World Cup committee has decided that they will make a new ranking on the performance of players in the world cup. They want the ranking to be acceptable to the public. The rules are:
1) There are K different departments. Cricketers will be given points in each department depending on their performance.
2) The maximum points for each department are not equal. Such as Sakib Al Hasan can get maximum 25 points in batting but Mushfiqur Rahim can get maximum 10 points for his spectacular wicket keeping.
3) The sum of maximum points of all departments will be exactly N points. And the final ranking will depend on the total earned points out of N points.
The ranking committee wants popular cricketers to get top ranked. To do so, they even allow maximum points for fielding more than that of batting. But that can bring lots of criticism. So they decide to fix a range of points for each department. Such as maximum points for batting will be at least 10 and at most 15 or for fielding, it will be at least 8 and at most 12. But the total points will be 20. Then 3 ranking systems are possible, such as: (10, 10), (11, 9) and (12, 8) for batting and fielding respectively. In this problem, you have to find the number of ranking systems possible for given number of departments, range of points for each department and total points.
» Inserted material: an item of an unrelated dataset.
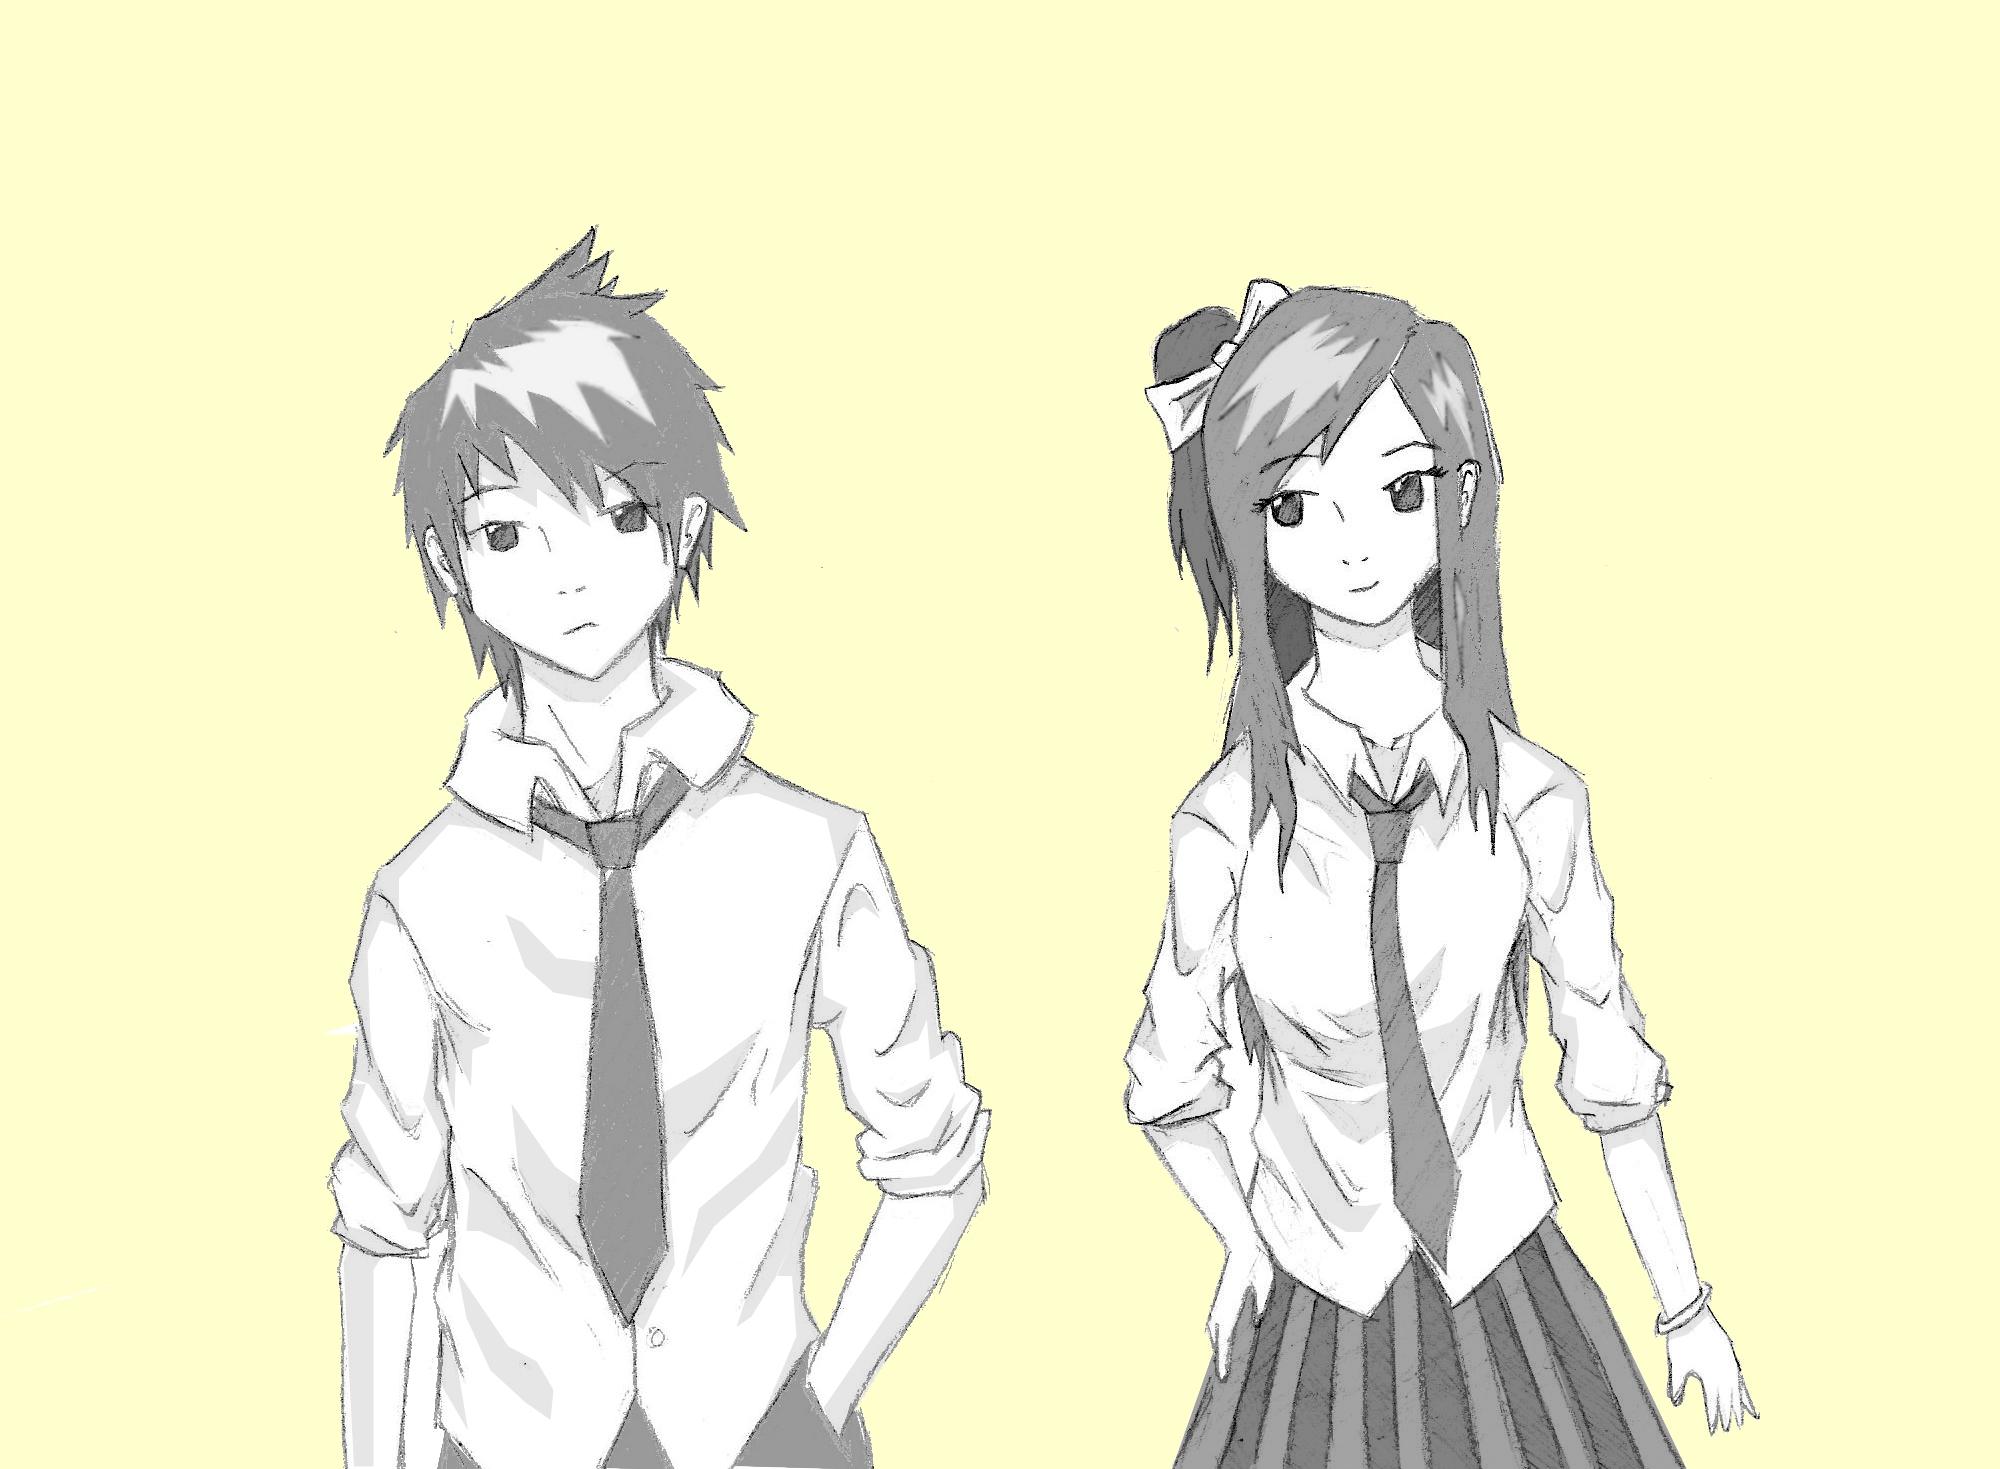 2000x1469 anime boy and girl drawing boy and girl drawing image

Input starts with an integer T (≤ 100), denoting the number of test cases.
Each case starts with a blank line and two integers K (1 ≤ K ≤ 10) and N (1 ≤ N ≤ 10^{6}). Each of the next K lines denotes the lower and upper limit of allowable maximum points for each department. These integers will be in the range [0, 10^{6}]. And the lower limit of each department will always be less than or equal to the upper limit of that department.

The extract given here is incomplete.